Personalmente abbiamo una differente opinione delle
donne, della loro moralità e della loro razionalità e crediamo di poter respingere a loro nome questo stupidissimo insulto.
Il secondo problema riguarda la continua allusione al
fatto che esisterebbe una specie di associazione massonico-comunista, forse con infiltrazioni atee e con importanti agganci con la mafia siciliana, certamente al soldo
delle grandi multinazionali, che, disinteressandosi completamente dei problemi della salute delle donne, si adopererebbe in tutti i modi (e molti di questi modi sfiorerebbero la criminalità) per facilitare l’ingresso di questo
nuovo farmaco nel Paese, un’accusa che ci ricorda la trama di alcuni recenti film di fantascienza americani. Noi
non siamo massoni e non abbiamo connessioni mafiose
(per quanto riguarda ateismo e comunismo preferiremmo patteggiare), ma soprattutto non abbiamo mai fatto
un favore che è uno, in 90 anni complessivi di attività
Introduzione
professionale, all’industria farmaceutica, alla quale riteniamo oltretutto di non essere per niente simpatici. Di
conseguenza, abbiamo ritenuto di essere nel pieno diritto di esprimere ad alta voce la nostra opinione e di chiedere a chi voglia entrare in polemica con noi di dichiarare preliminarmente, con altrettanta chiarezza, la propria estraneità da qualsiasi tipo di rapporto con il Vaticano.
Il titolo di questo libro, come il lettore può constatare, chiama in causa ancora una volta le streghe, e ciò perché siamo convinti che, almeno per una parte dei buoni
cattolici, il Sacro Uffizio abbia commesso una grave disattenzione lasciandone sopravvivere qualcuna, errore
che da un certo punto di vista può essere considerato
non scusabile, visto che a quei tempi di legna da ardere
ce ne era a sufficienza.
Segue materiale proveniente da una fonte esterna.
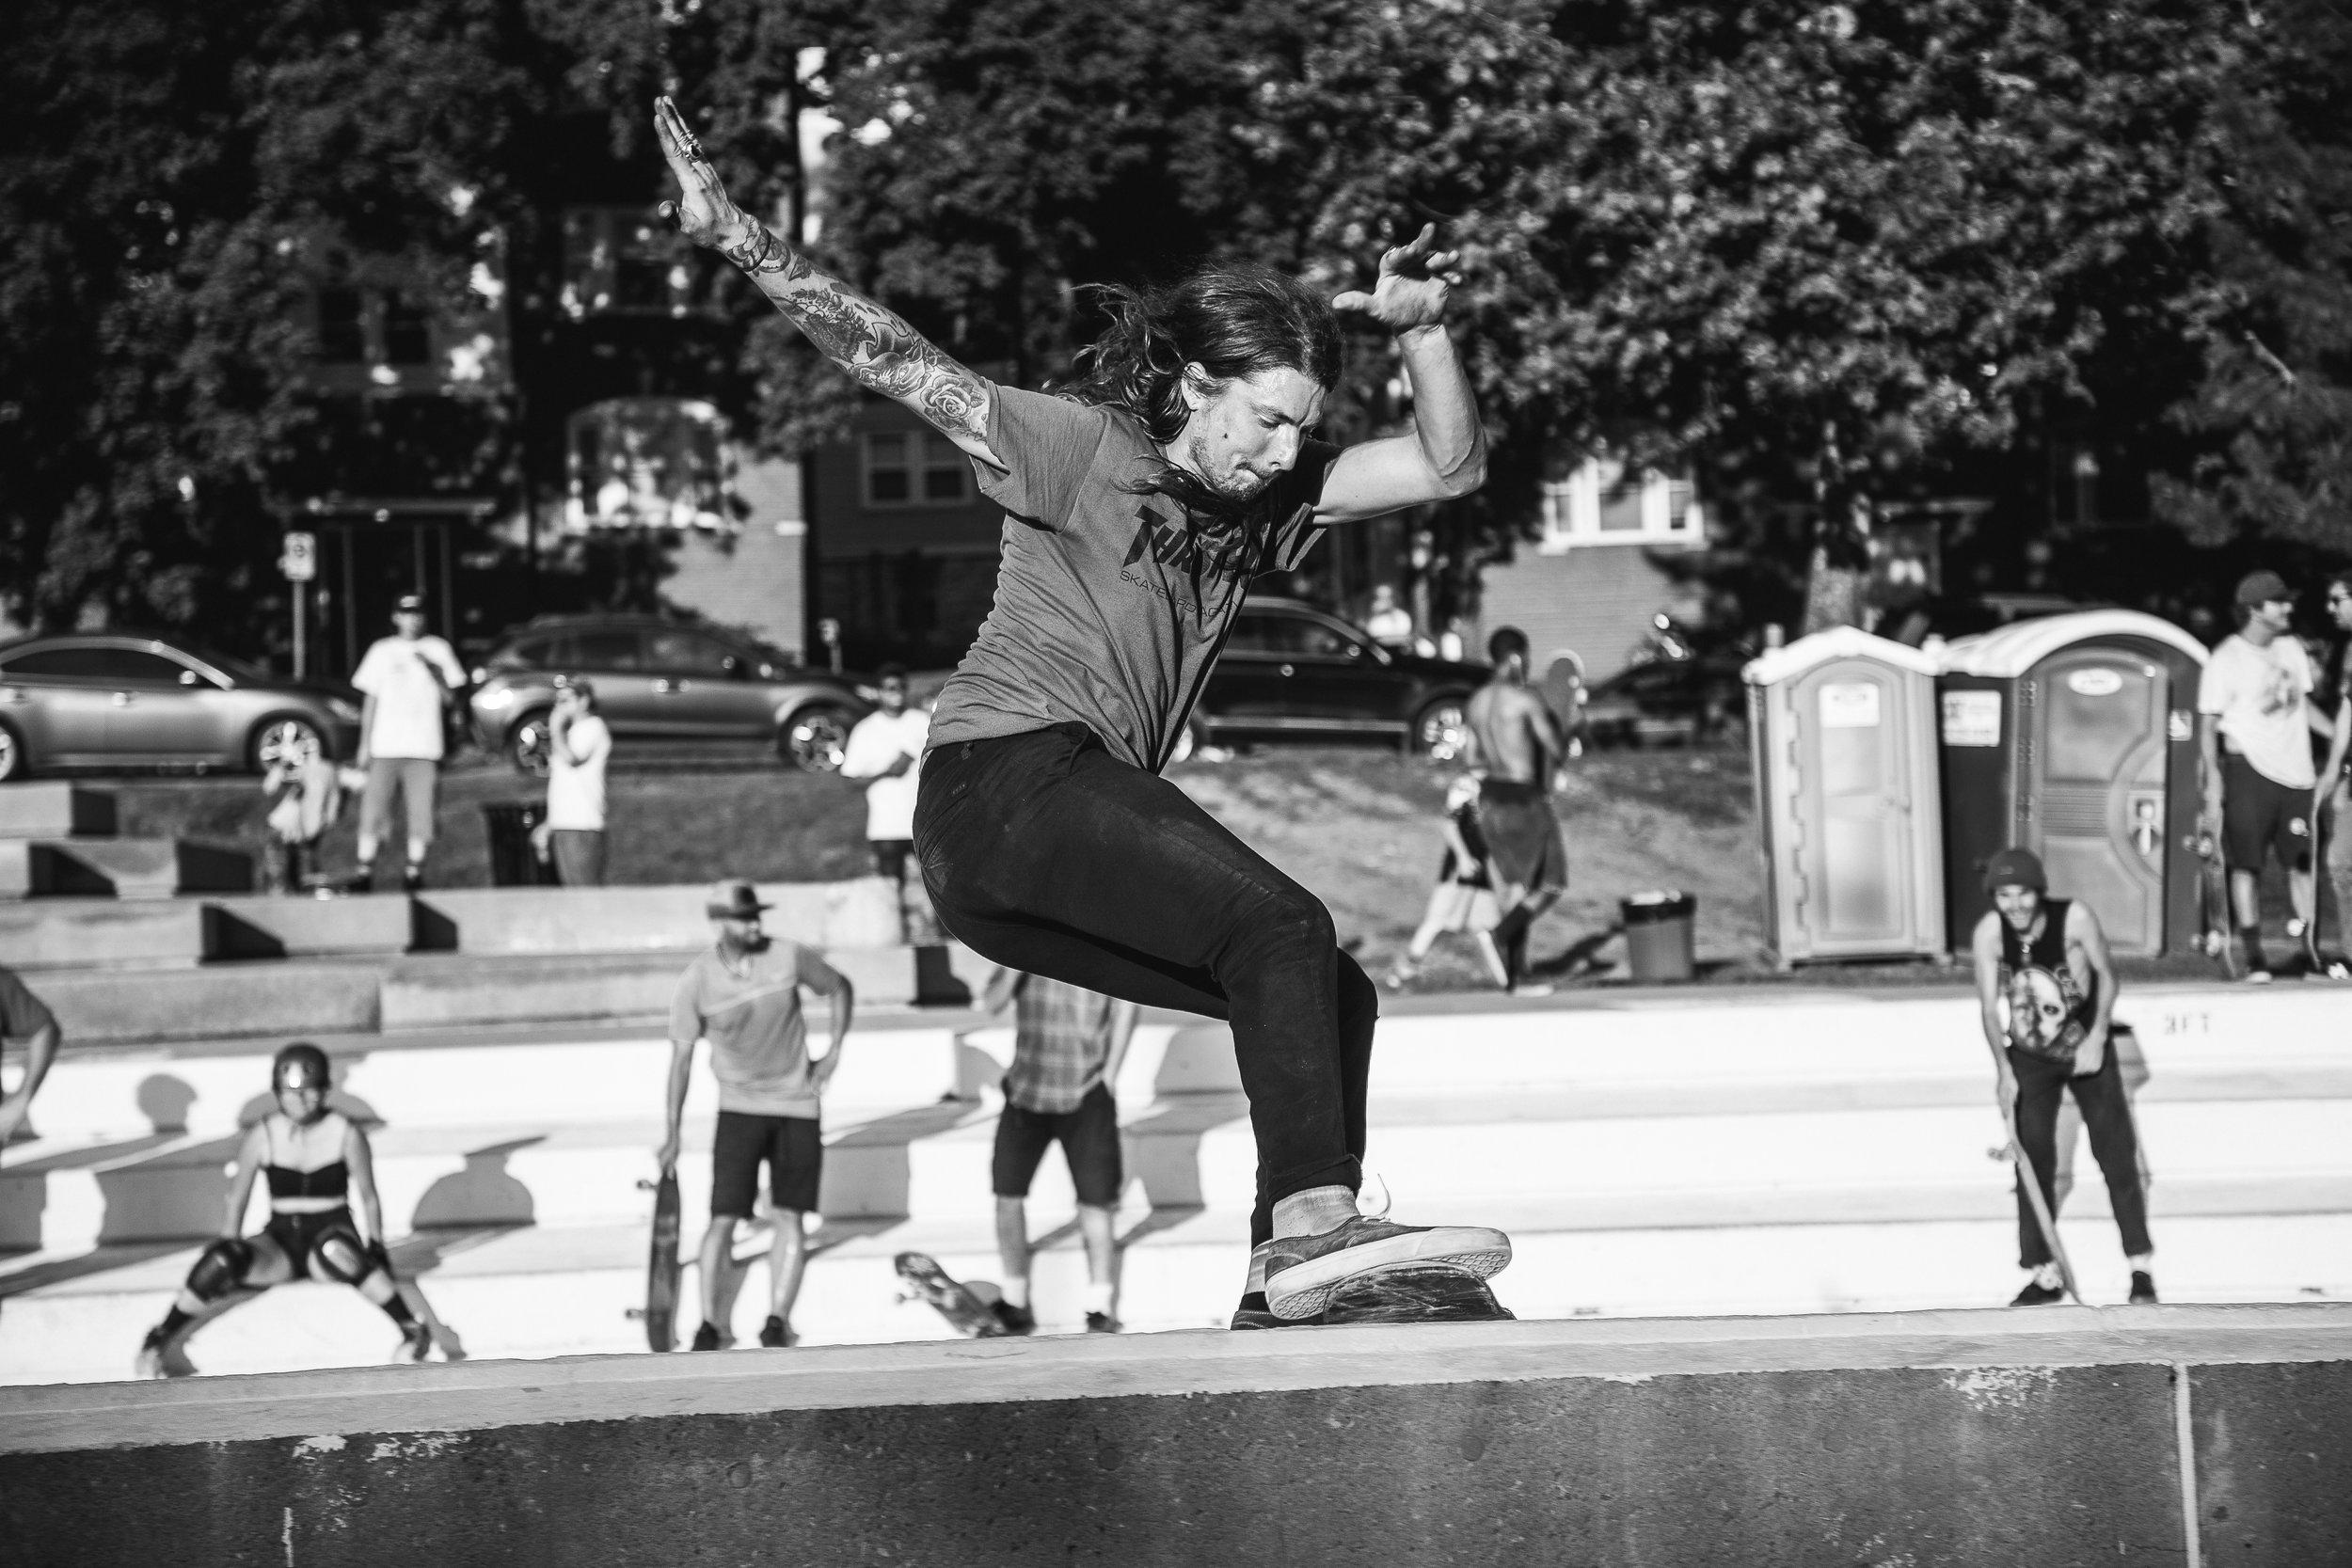 Go Skateboarding Day - June '17 - 24.jpg
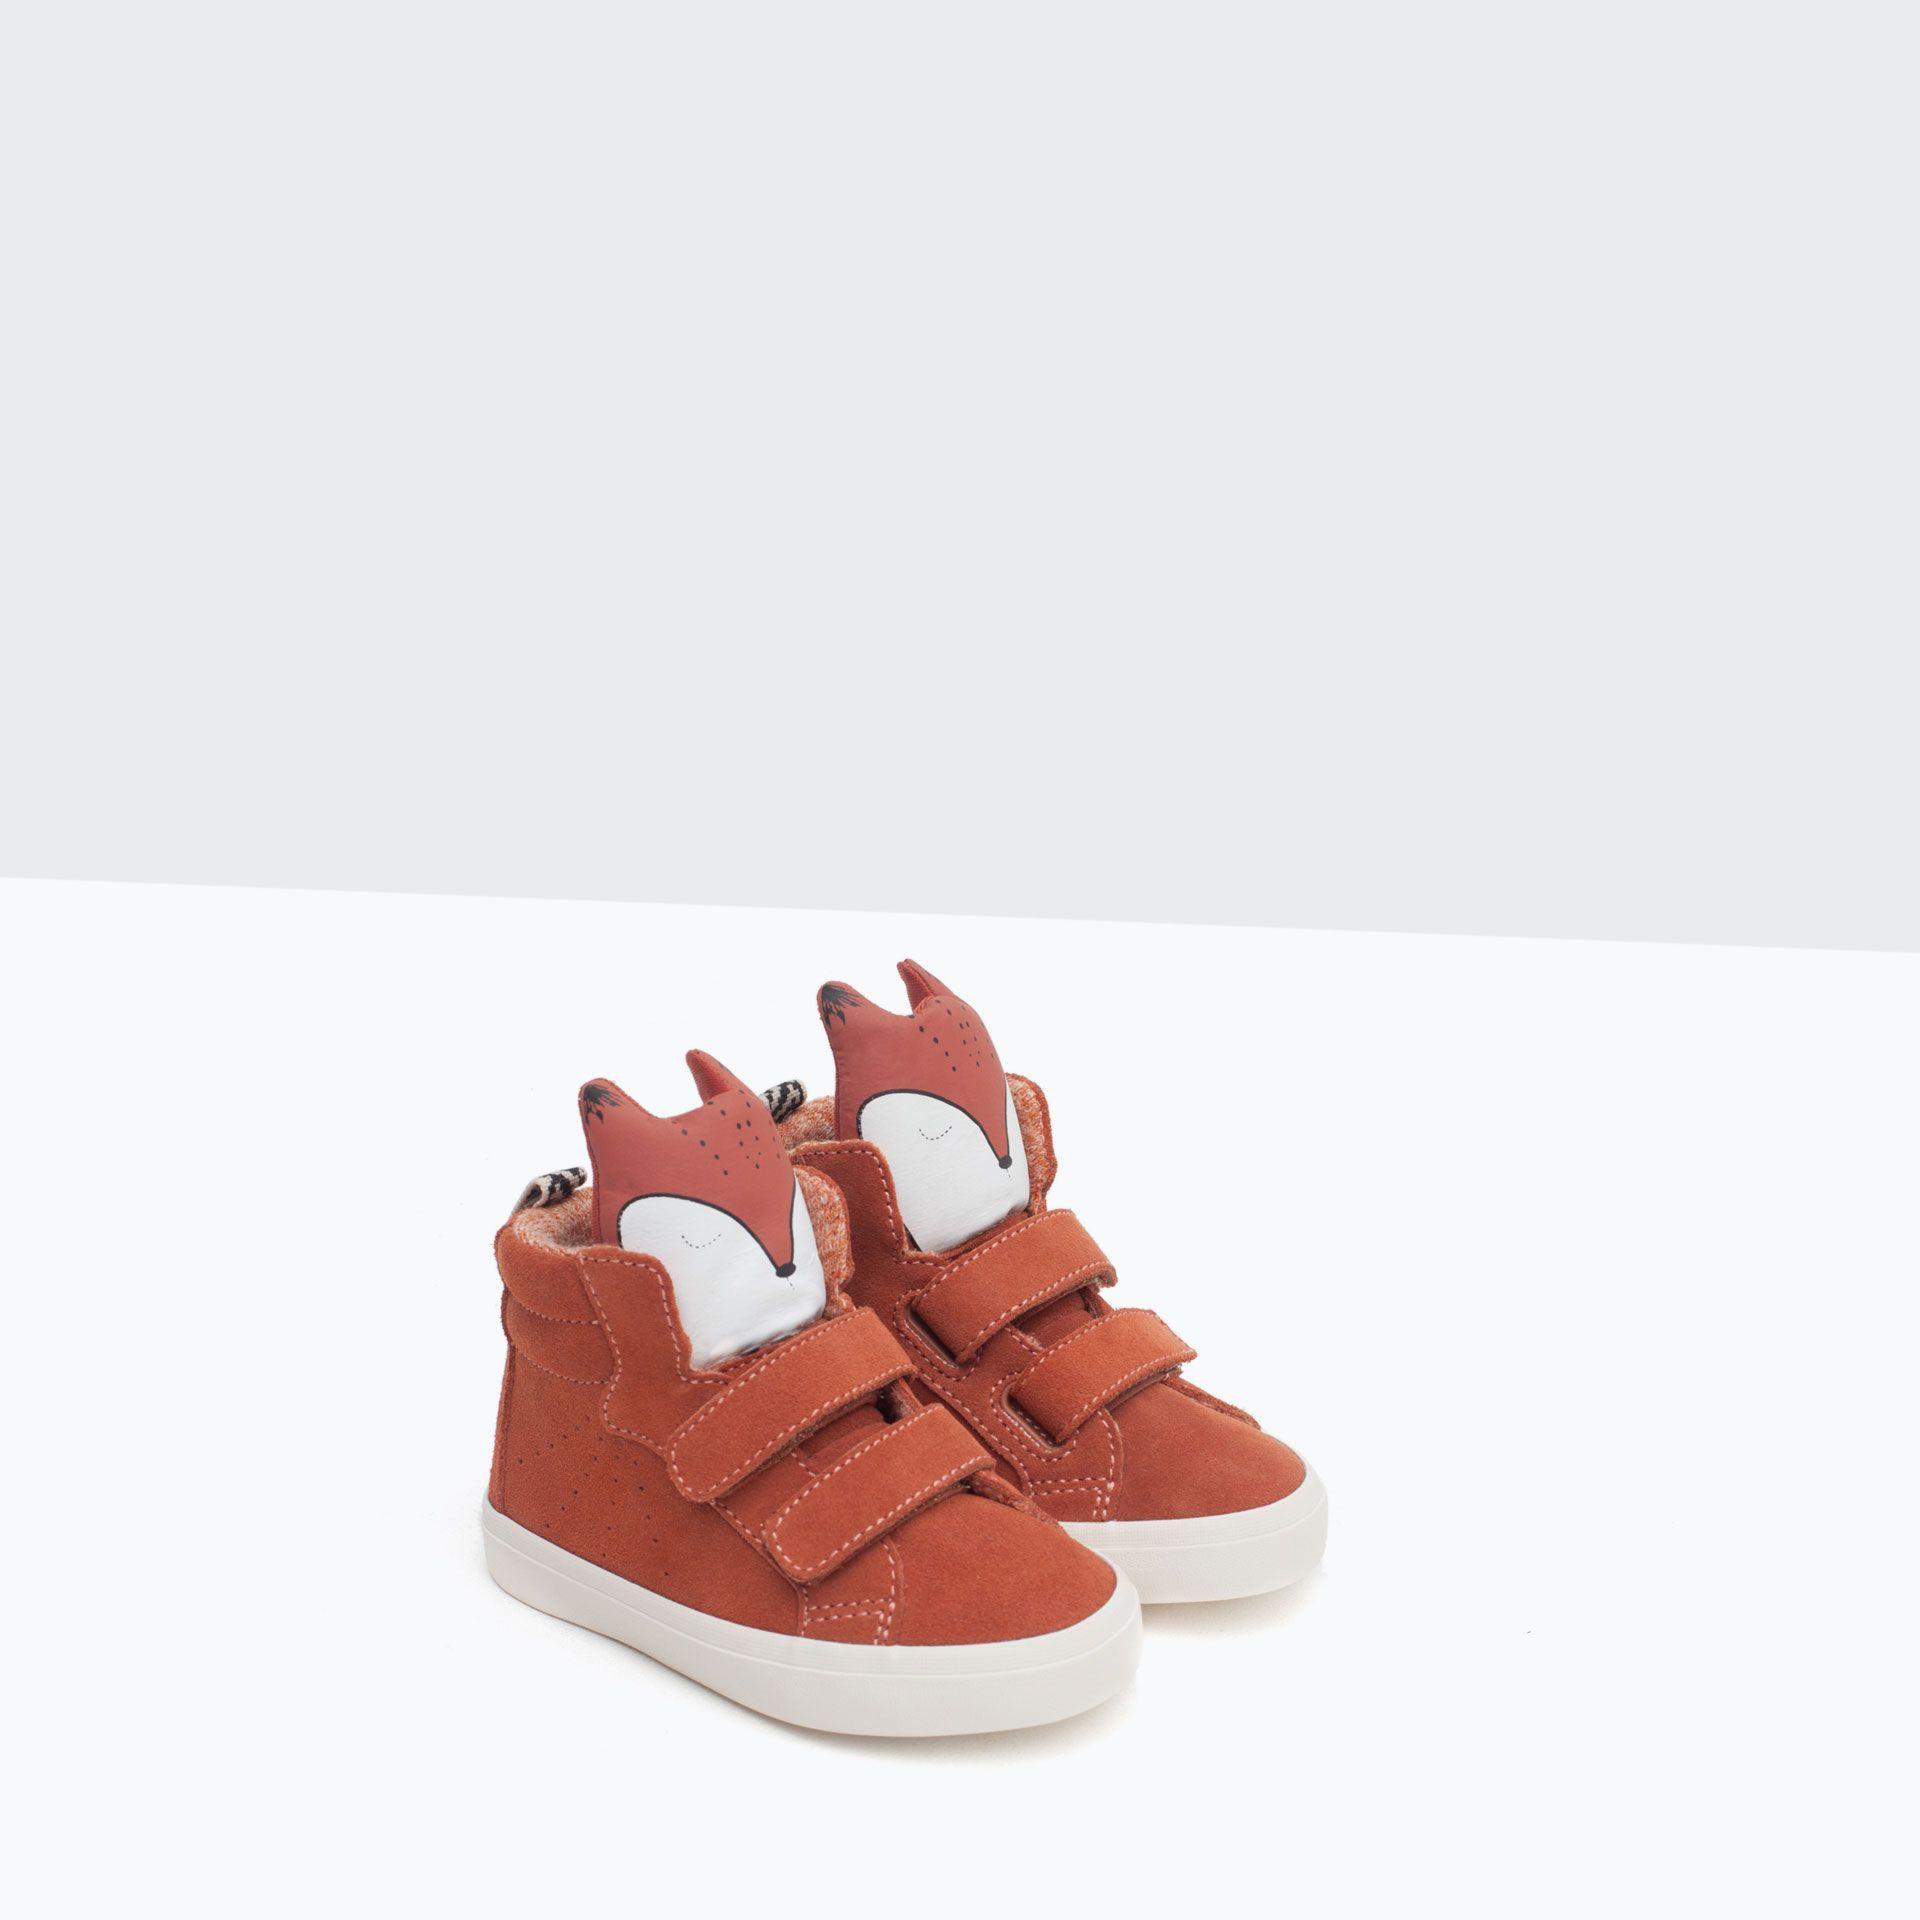 LEREN BASKETBALSCHOEN MET VOSSENPRINT - Schoenen - Baby meisje (3 - 36 maanden) - KINDEREN | ZARA Nederland

Ebbene, molti di noi si considerano nipoti di quelle sagge megere, brave donne che
hanno spesso dato la vita, trovando in molti casi una
morte prematura e atroce, battendosi in favore della vita
e della salute delle loro sorelle, in tempi nei quali interrompere una gravidanza rappresentava un gesto di compassione e di affetto. Avremmo potuto citare il silfio, la
pianta misteriosa che per molti secoli è servita da panacea per le donne romane in molte e differenti circostanze che avevano a che fare con la vita sessuale e riproduttiva, e che è poi misteriosamente scomparsa dalle spiagge de laserpicifera Cirene, o avremmo potuto citare
l’apiolo, la sostanza estratta dal prezzemolo che ha fatto
abortire molte donne e che molte ne ha uccise. La prima
citazione ci sembrava scioccamente ottimista, la seconda
sgradevole e tragica: abbiamo preferito il riferimento alle streghe, i tempi ci sembrano giusti per parlarne ancora una volta.